* YOUR ASSIGNMENT:
Start with the line that holds "Crazy Hat Clipart-Crazy Hat Clipart-1". Please copy it and each remaining line below exactly, leaving pictures out.

* DATA SHOWN:
★ ★ ★ ★ ★ ★ ★
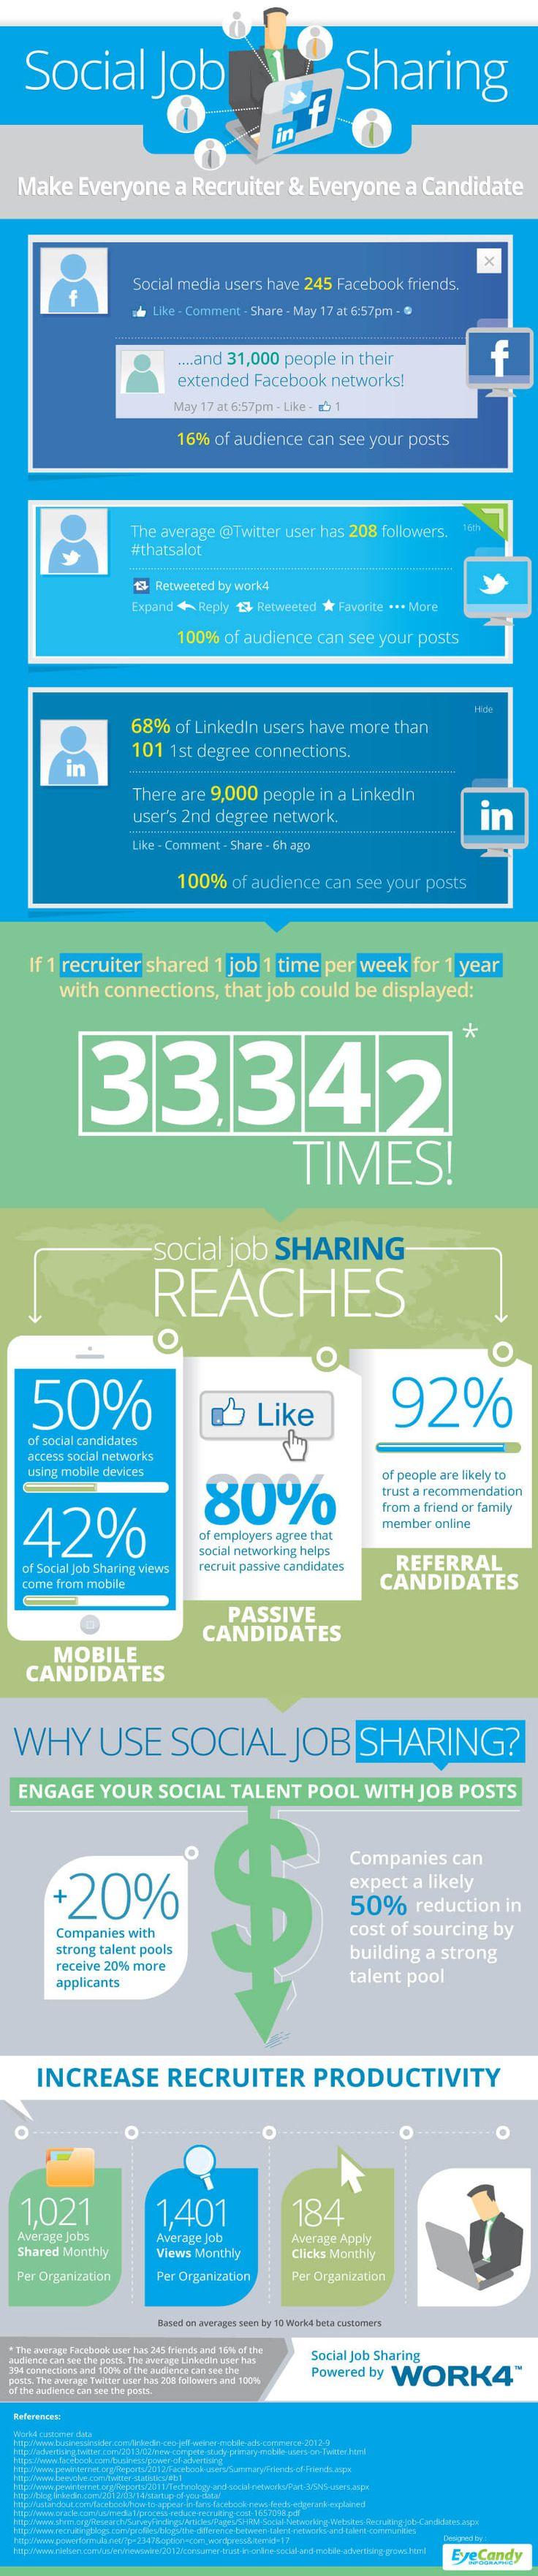 Job Posting - Social JobSharing Infographic von Work4Labs
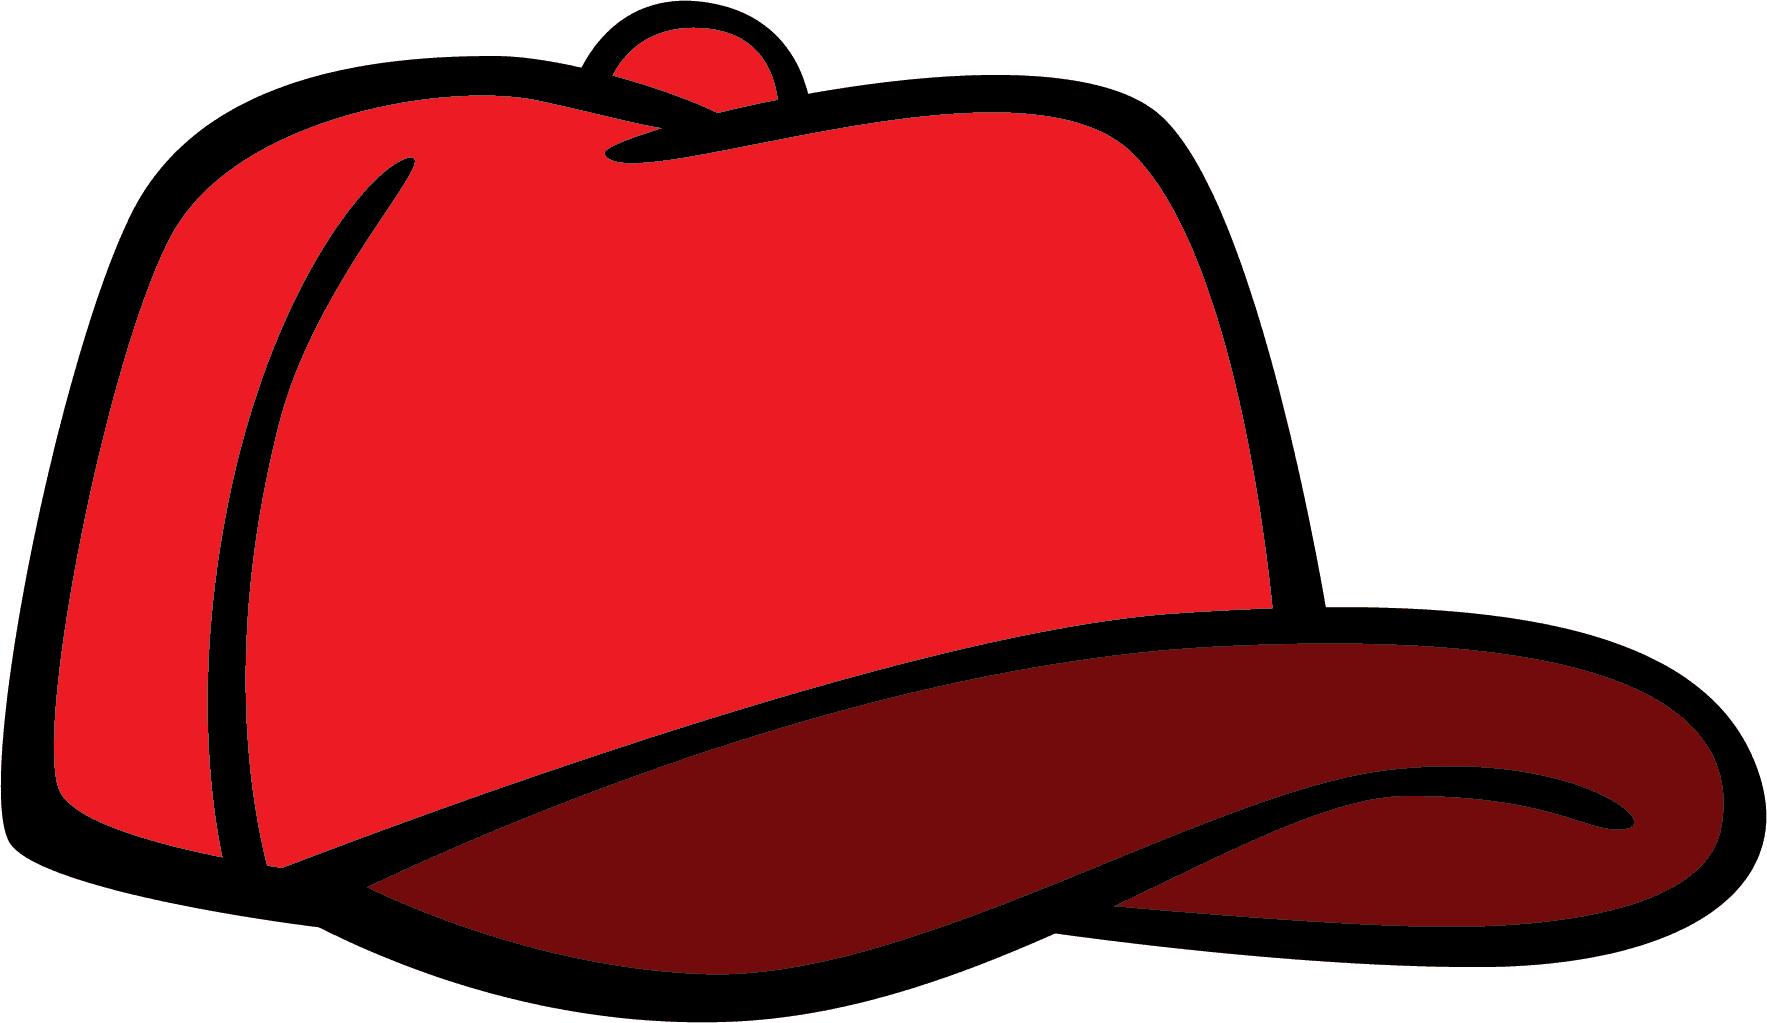 Crazy Hat Clipart-Crazy Hat Clipart-1
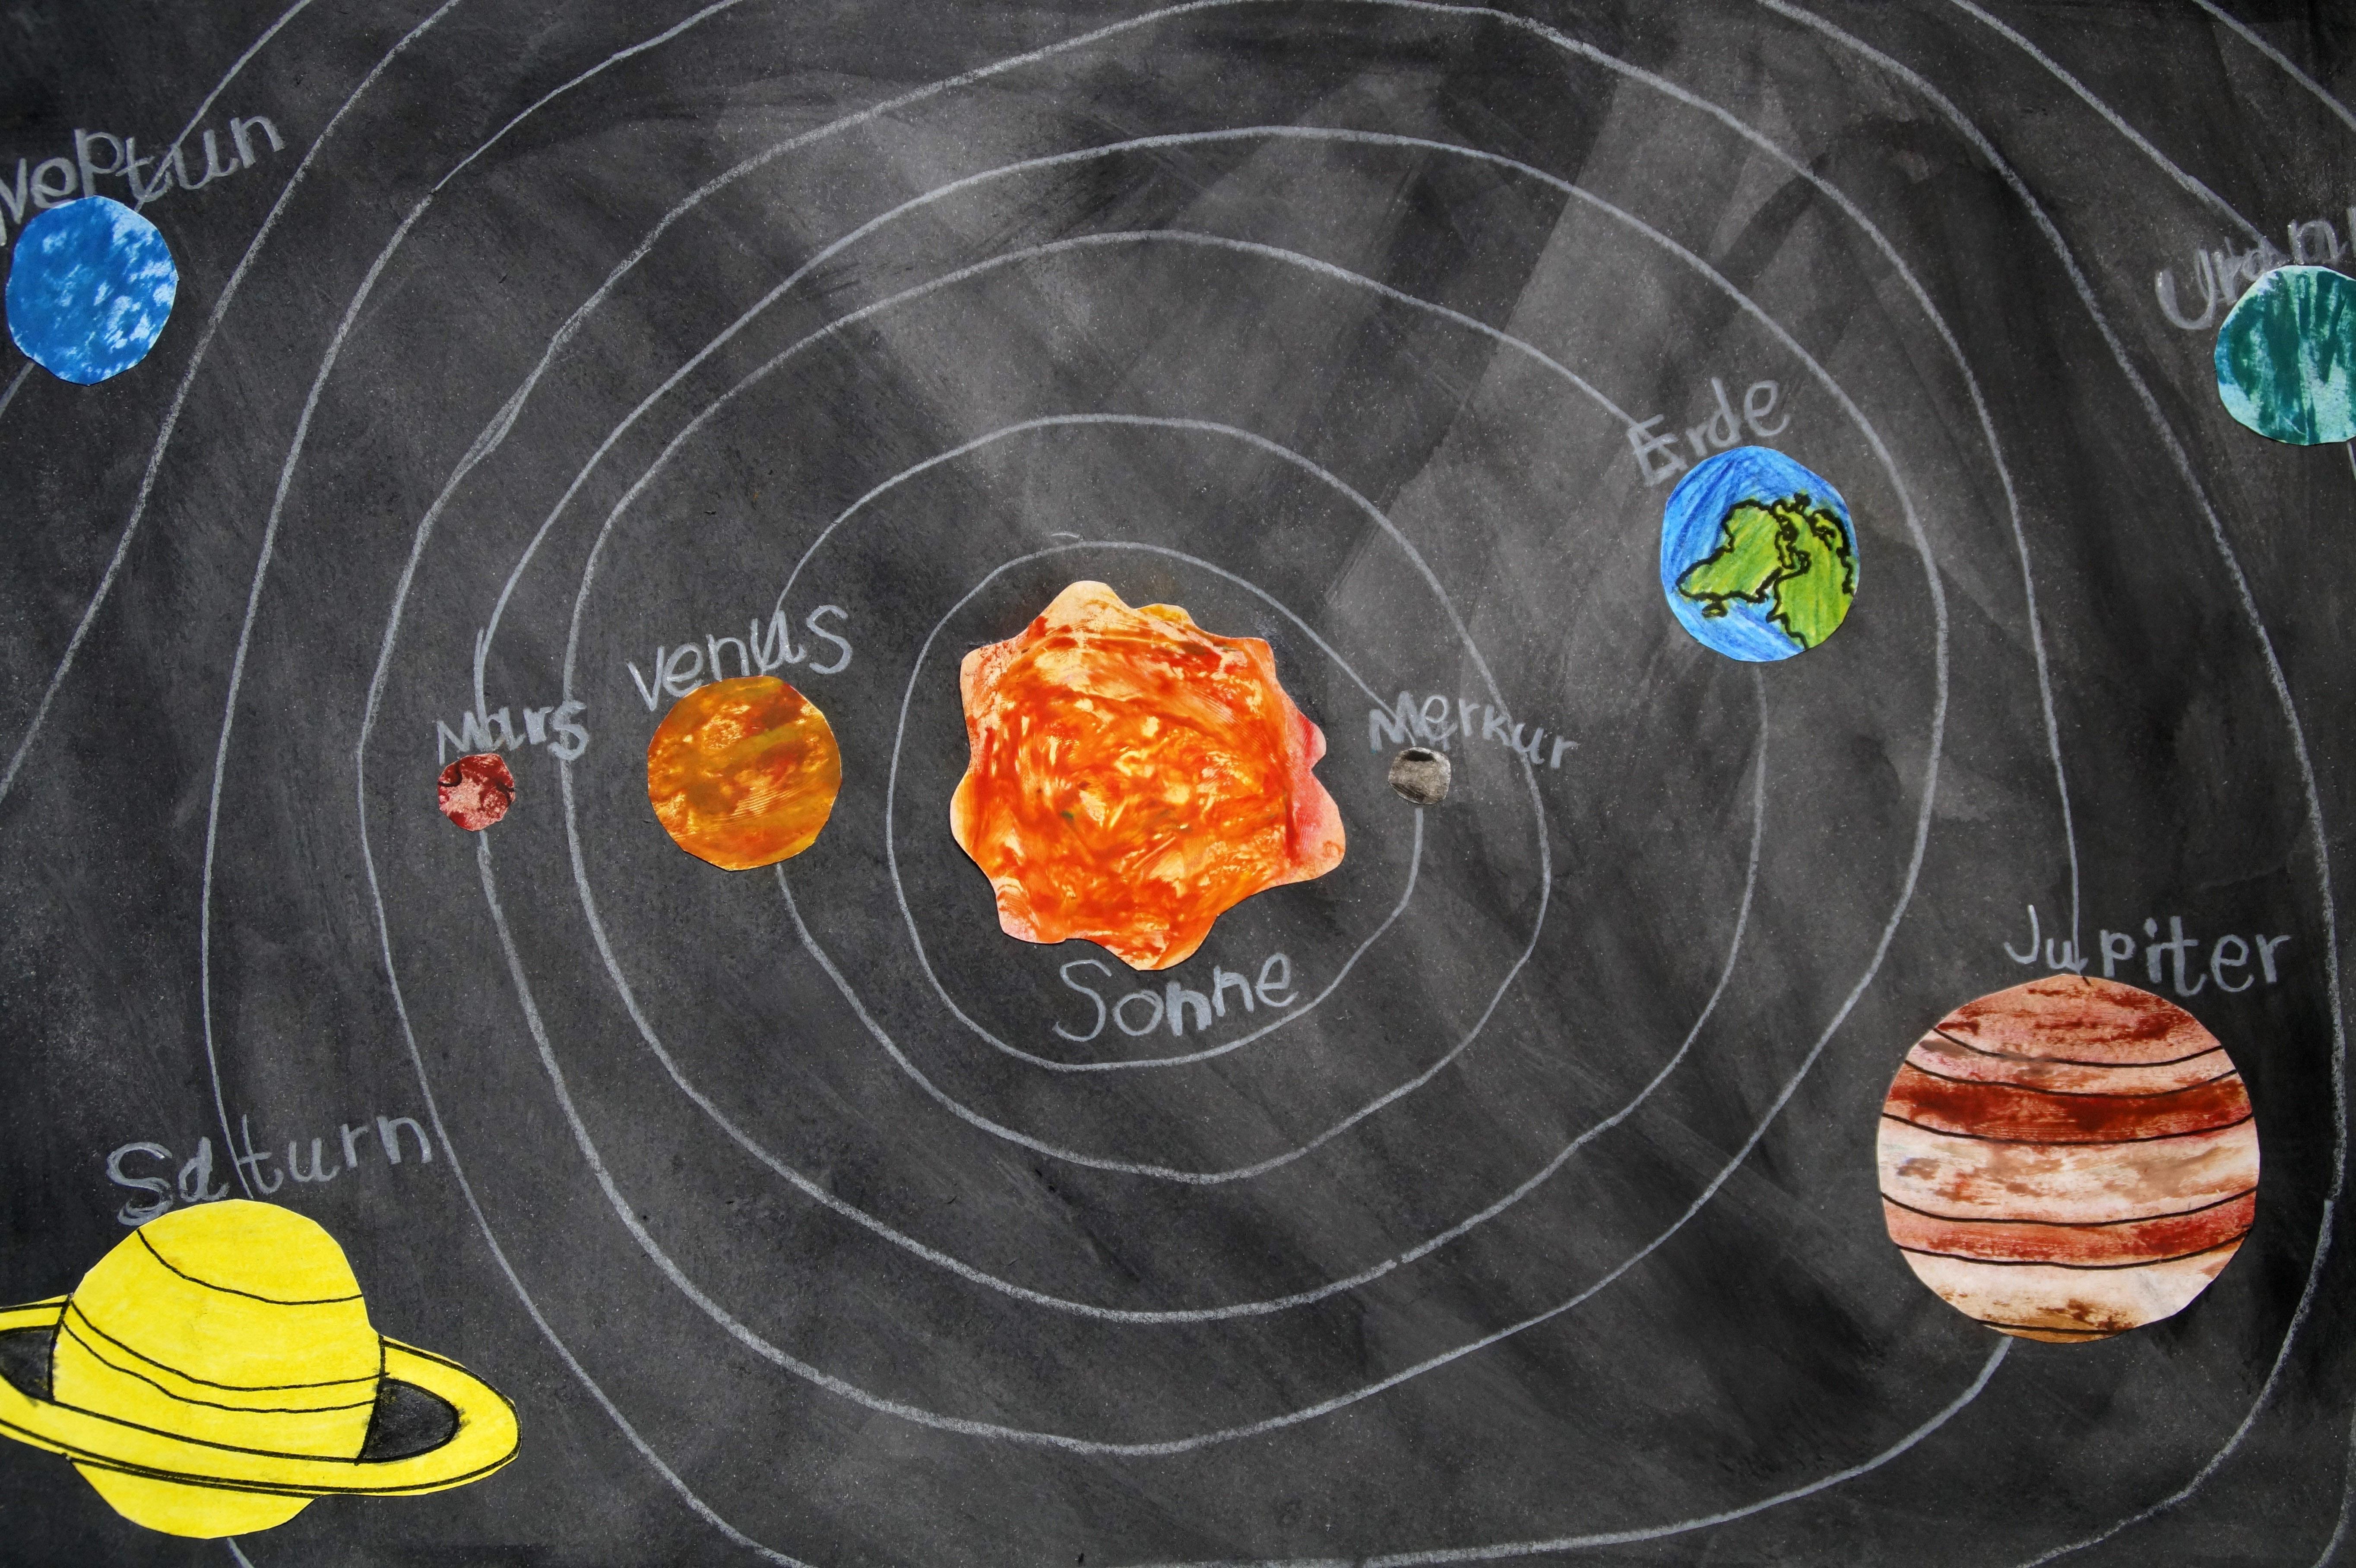 solar system sketch - photo #47
★ ★ ★ ★ ★ ★ ★
* OUTPUT OF THE TASK:
 Crazy Hat Clipart-Crazy Hat Clipart-1
 solar system sketch - photo #47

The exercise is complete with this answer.